═══ Entries shown ═══

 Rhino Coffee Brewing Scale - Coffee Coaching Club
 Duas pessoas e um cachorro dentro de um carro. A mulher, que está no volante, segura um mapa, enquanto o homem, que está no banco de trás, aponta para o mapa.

═══
═══ Entries shown ═══

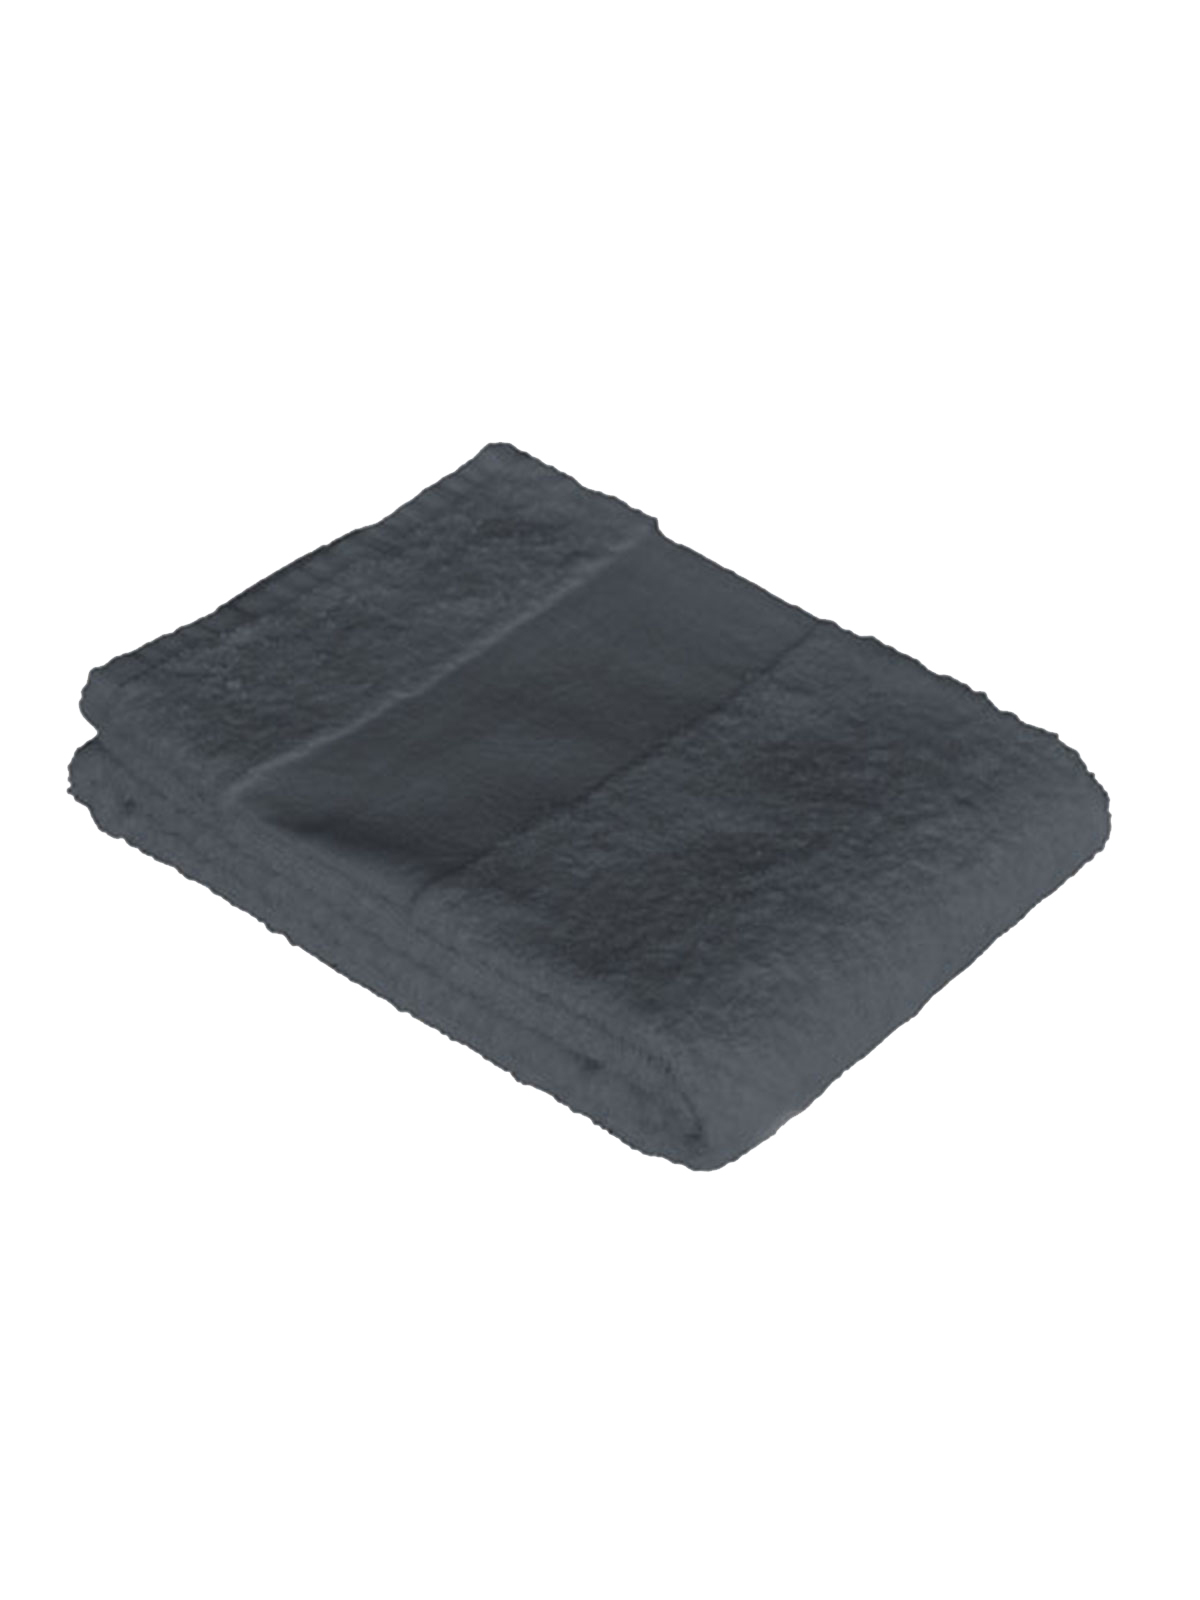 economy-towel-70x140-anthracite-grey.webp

═══
═══ Entries shown ═══

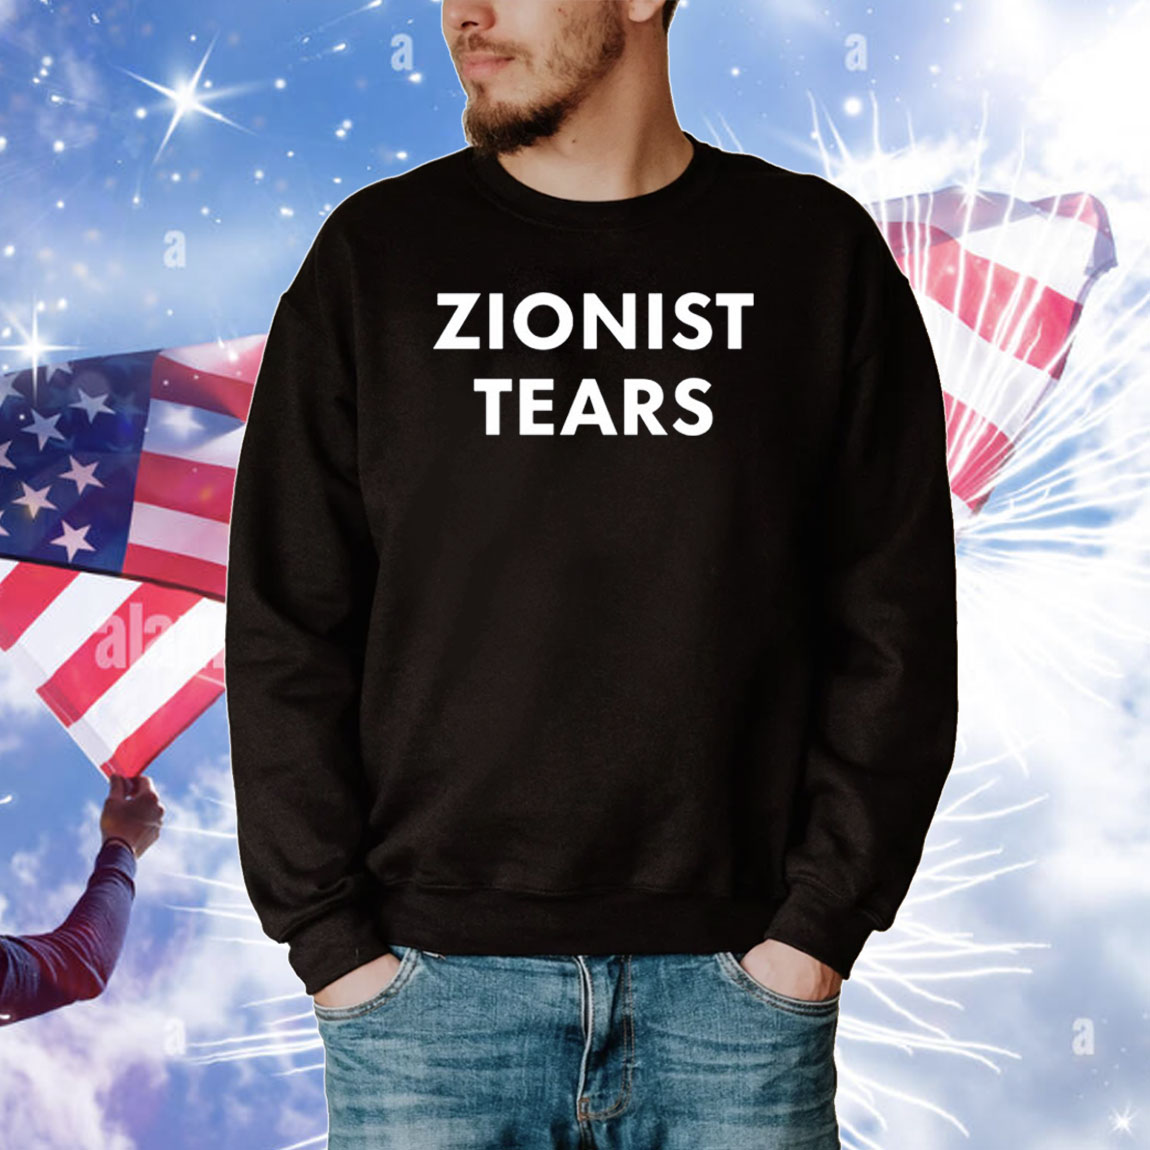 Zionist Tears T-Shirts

═══

Beginning at the line above with "Rhino Coffee Brewing" and finishing at the line with "Duas pessoas e", return each line exactly and return nothing else.

 Rhino Coffee Brewing Scale - Coffee Coaching Club
 Duas pessoas e um cachorro dentro de um carro. A mulher, que está no volante, segura um mapa, enquanto o homem, que está no banco de trás, aponta para o mapa.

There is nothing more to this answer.